=== REQUIRED ACTION ===
Leaving the pictures aside, return all of the data below exactly.

=== SOURCE MATERIAL ===
⁂

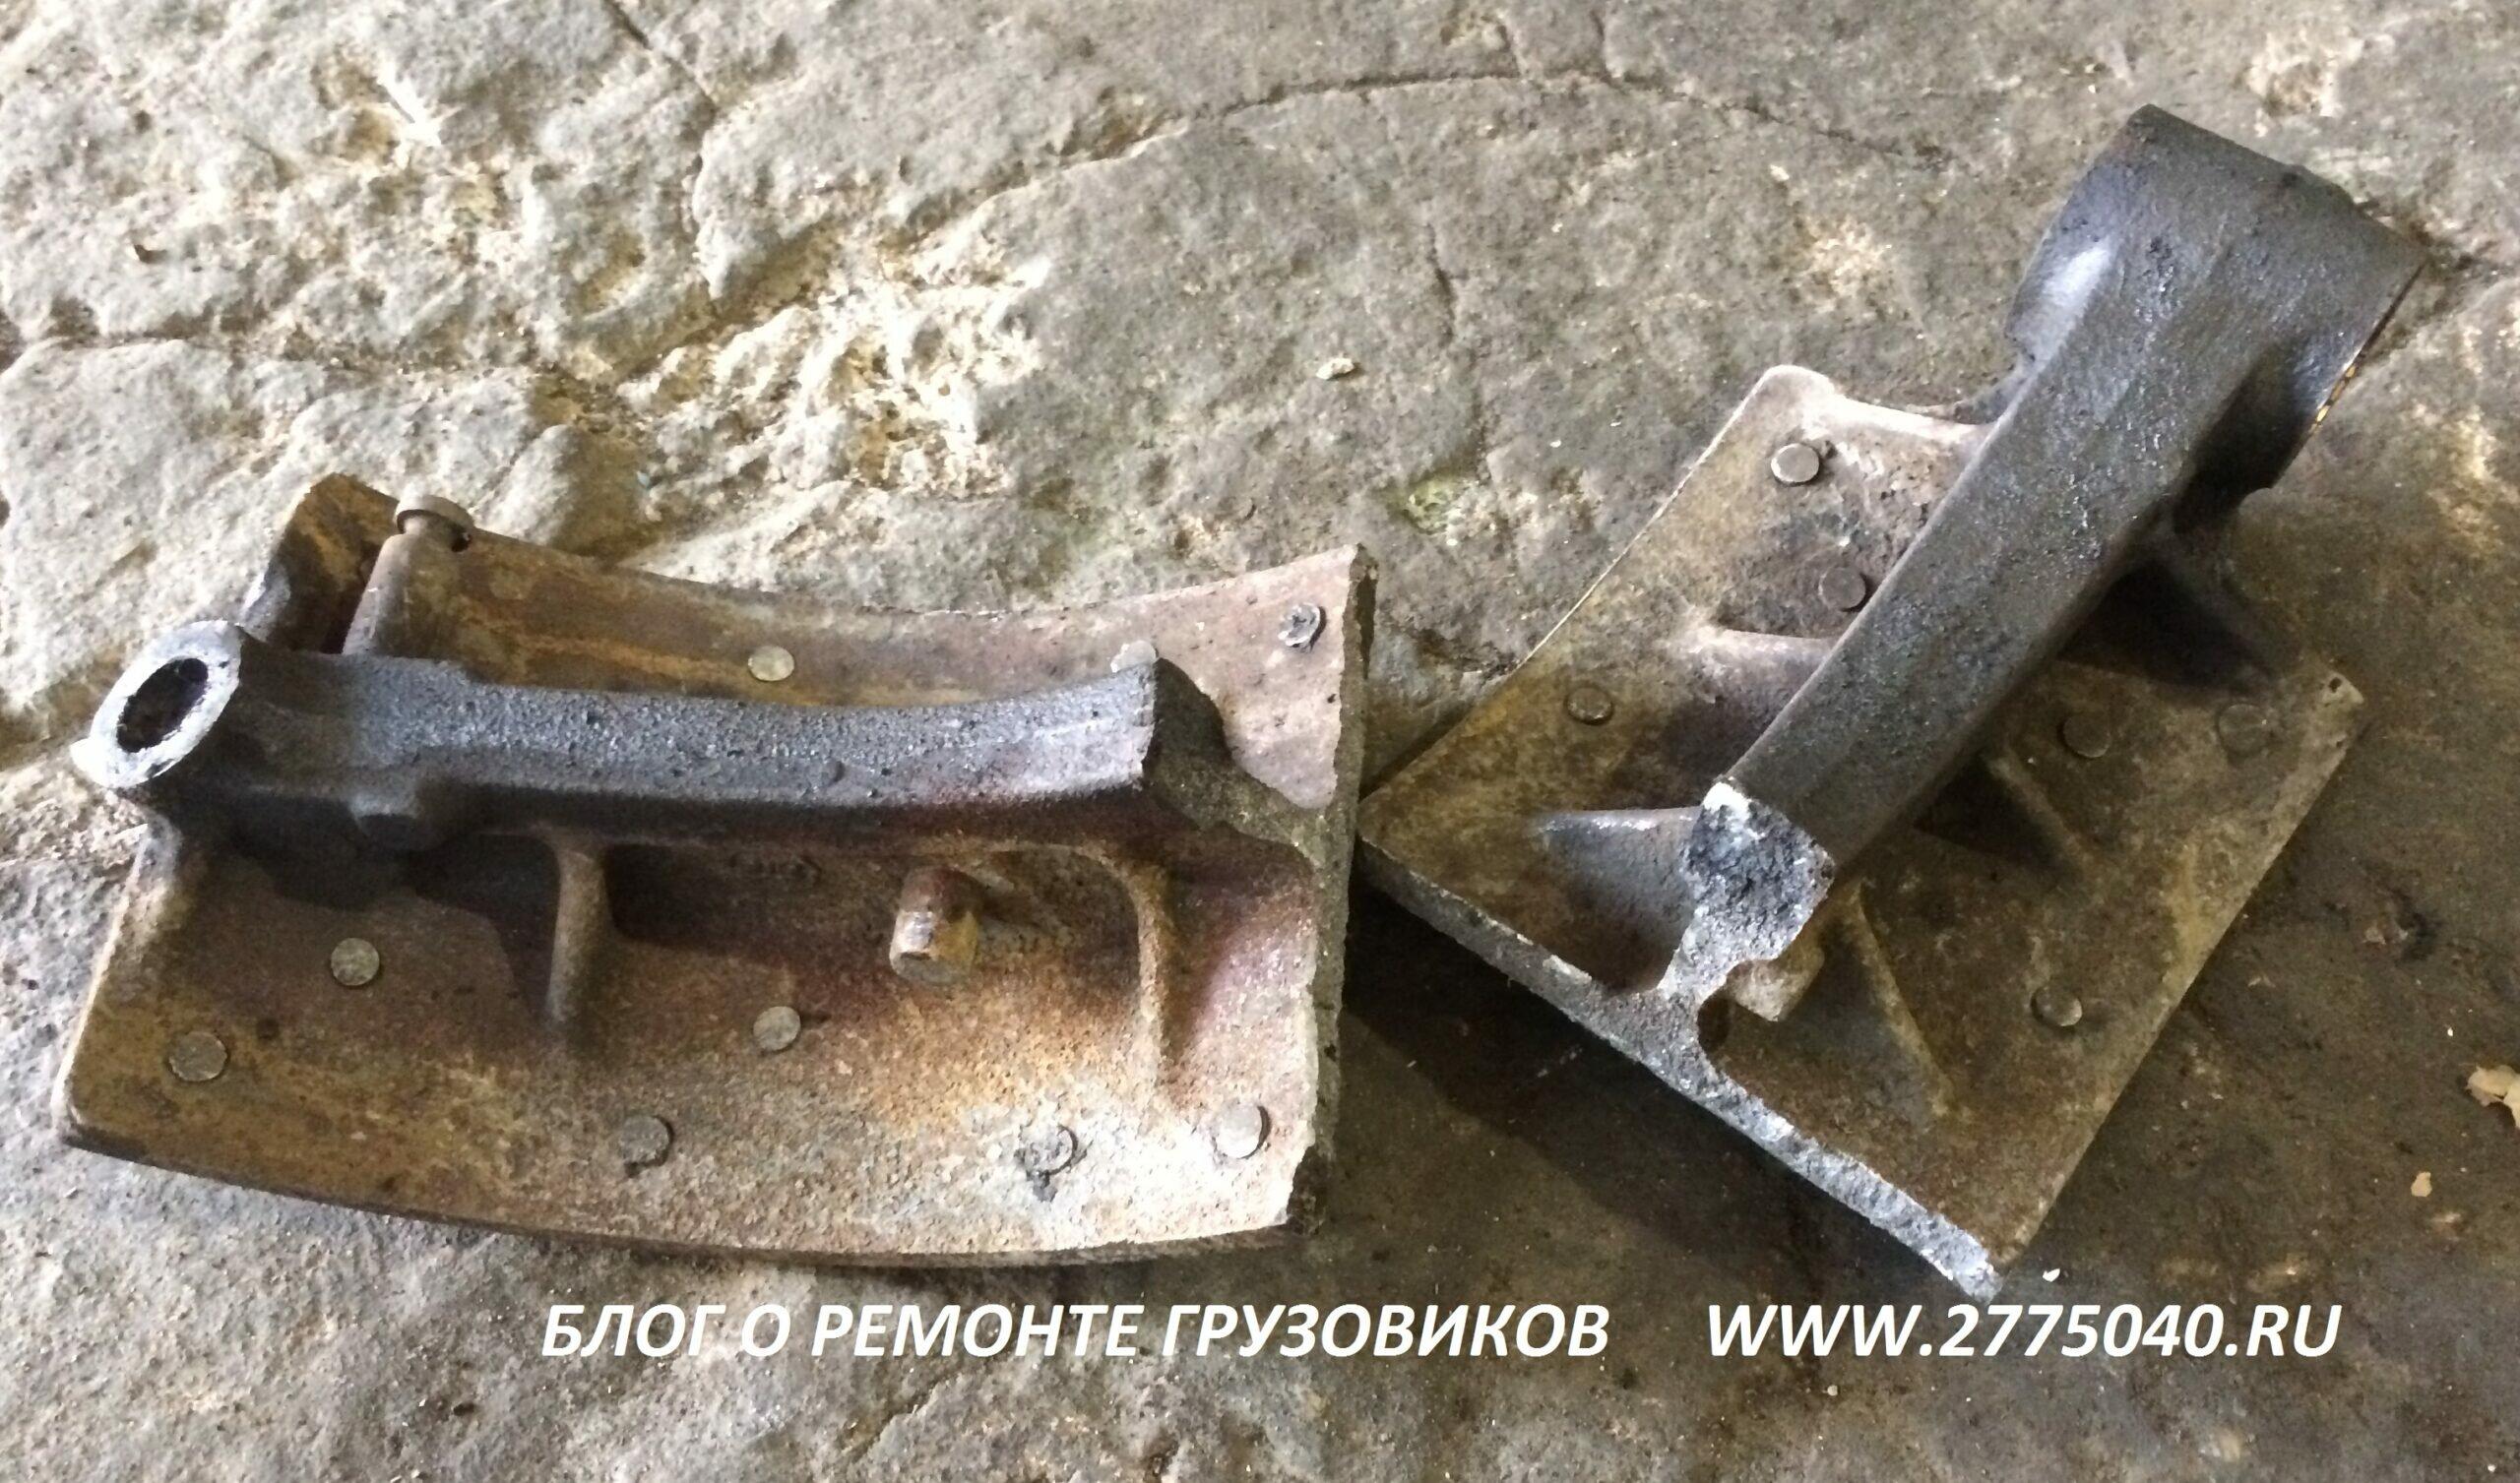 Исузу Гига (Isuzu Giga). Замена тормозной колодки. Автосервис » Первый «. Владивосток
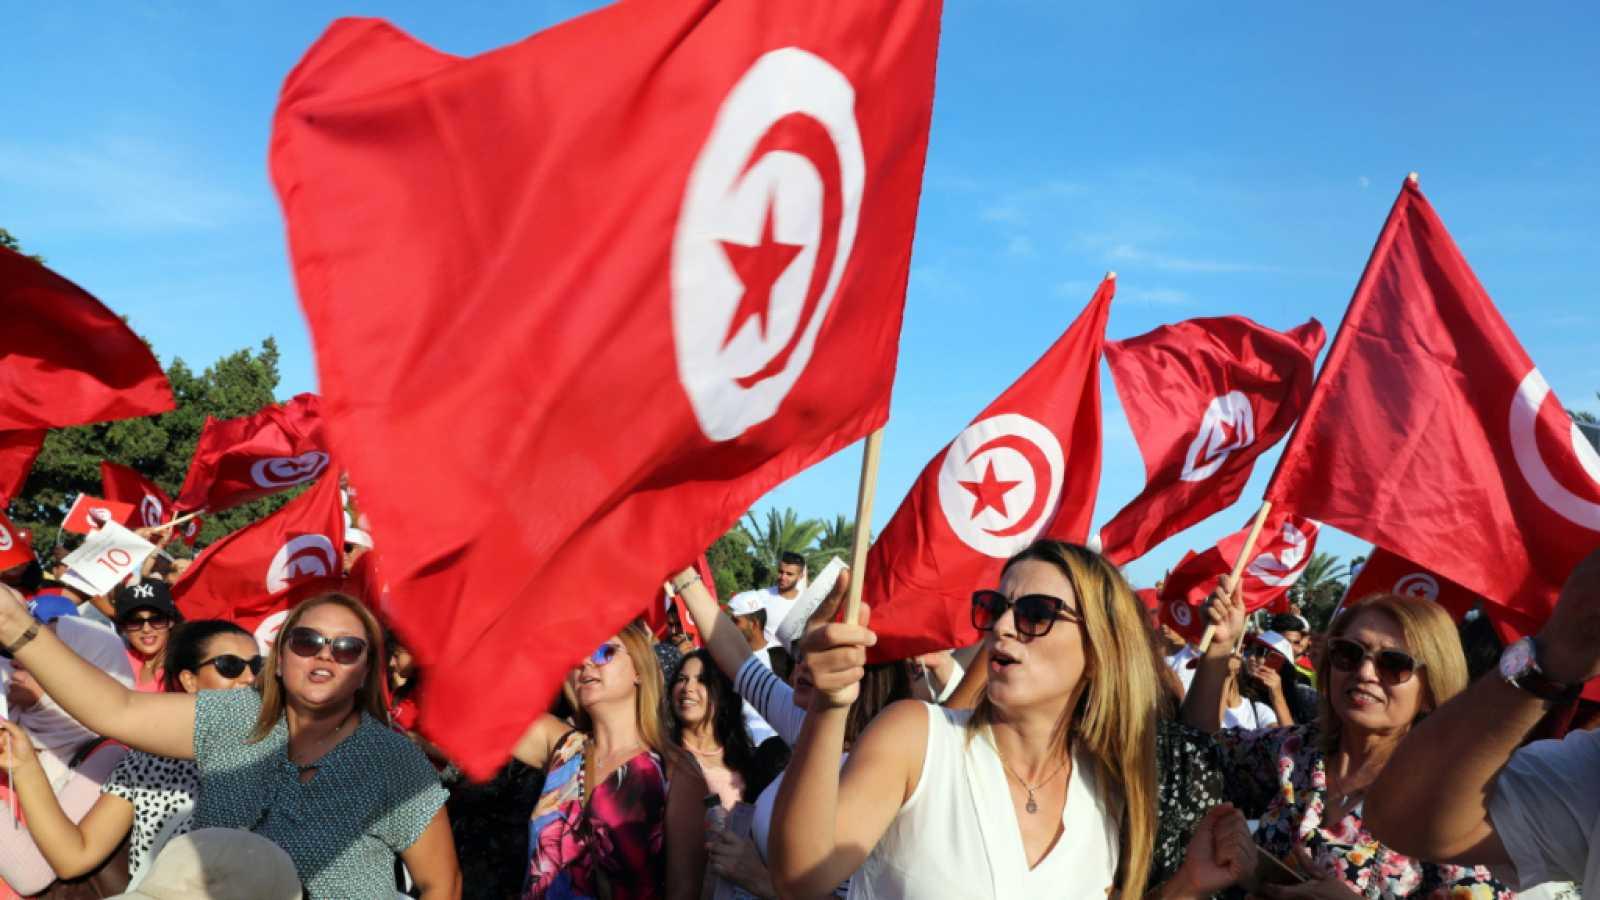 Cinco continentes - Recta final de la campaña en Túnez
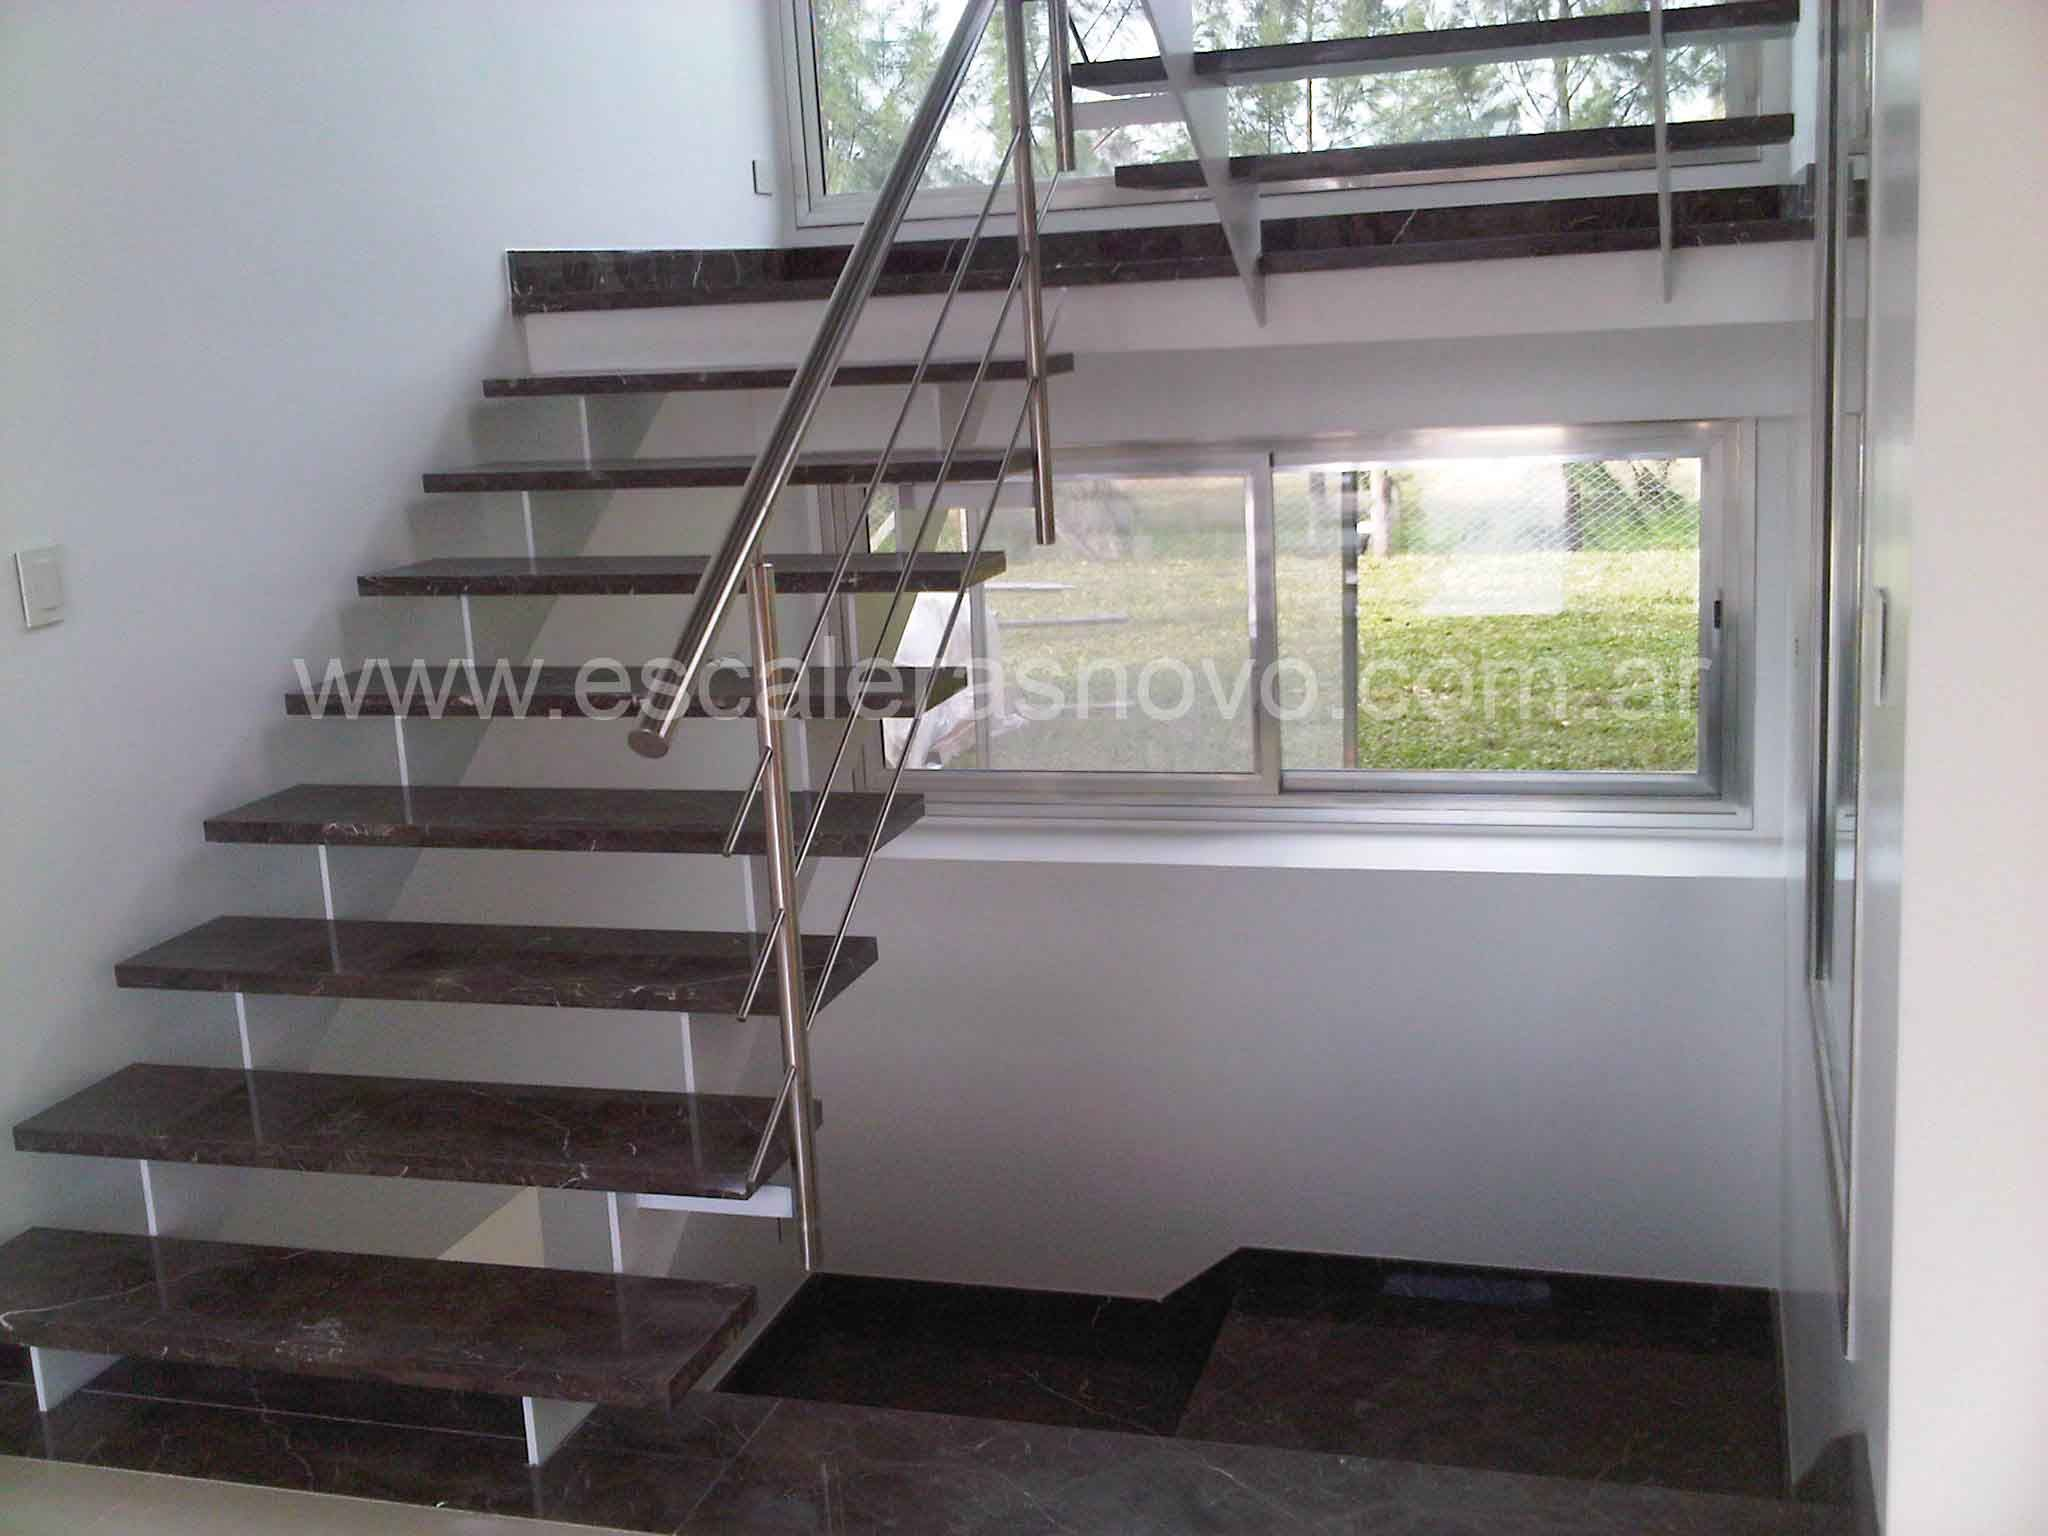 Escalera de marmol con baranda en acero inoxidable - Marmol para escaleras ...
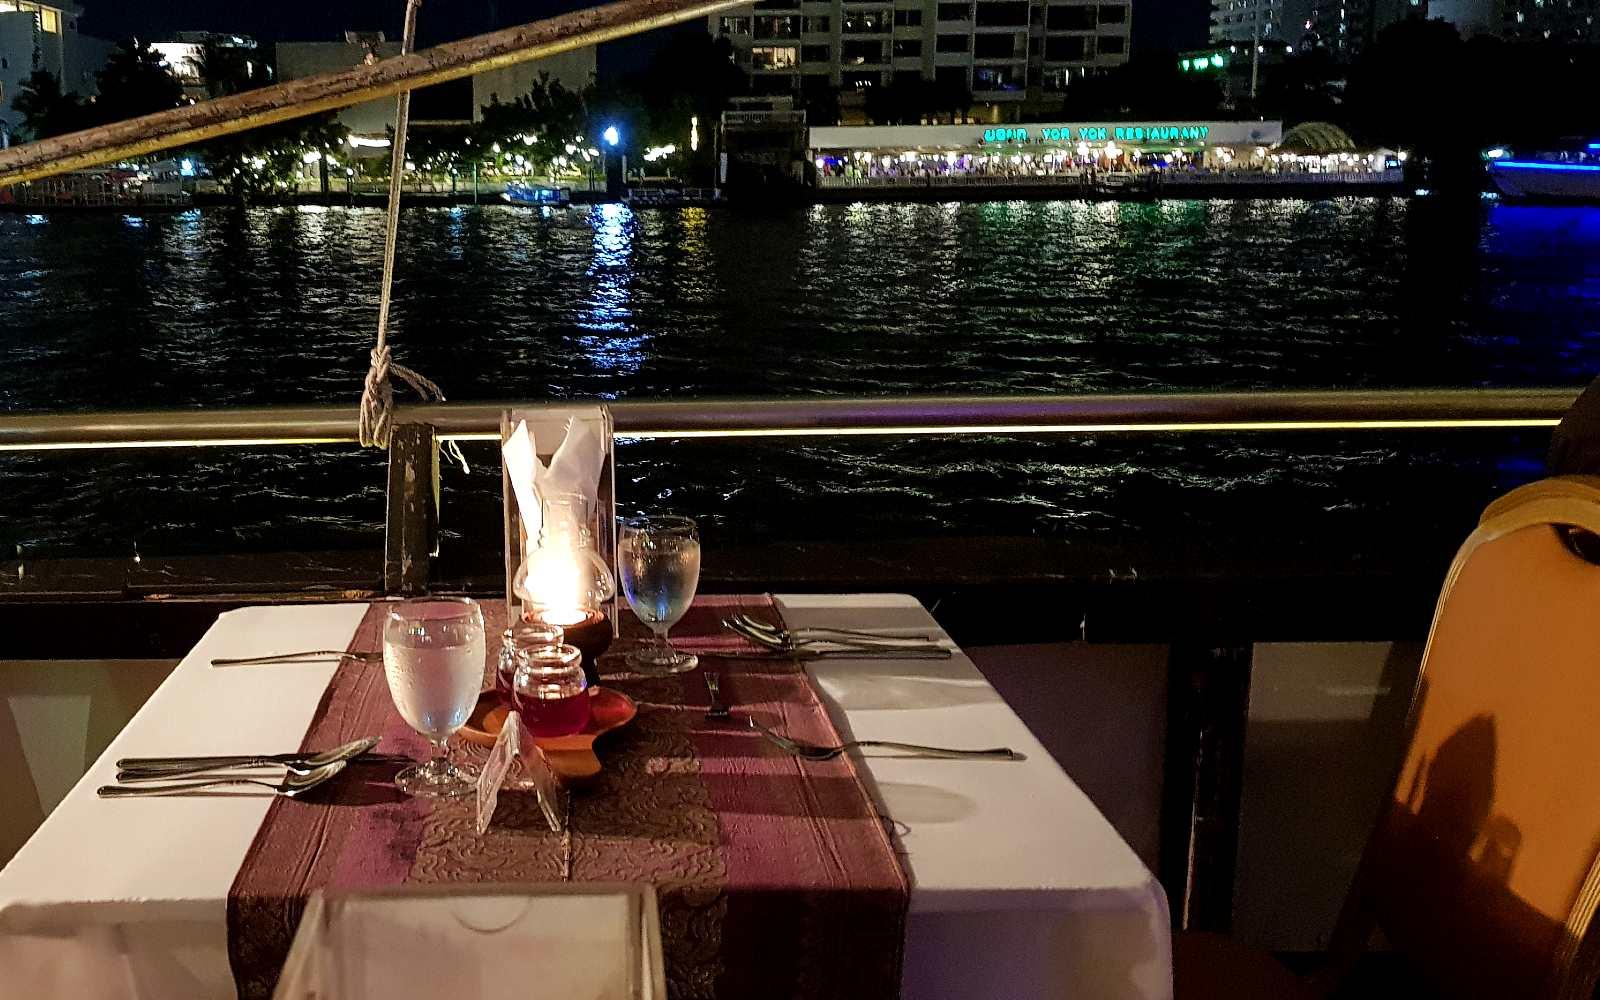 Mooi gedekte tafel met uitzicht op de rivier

⁂

=== ANSWER TO THIS TASK ===
 Исузу Гига (Isuzu Giga). Замена тормозной колодки. Автосервис » Первый «. Владивосток
 Cinco continentes - Recta final de la campaña en Túnez
 Escalera de marmol con baranda en acero inoxidable - Marmol para escaleras ...
 Mooi gedekte tafel met uitzicht op de rivier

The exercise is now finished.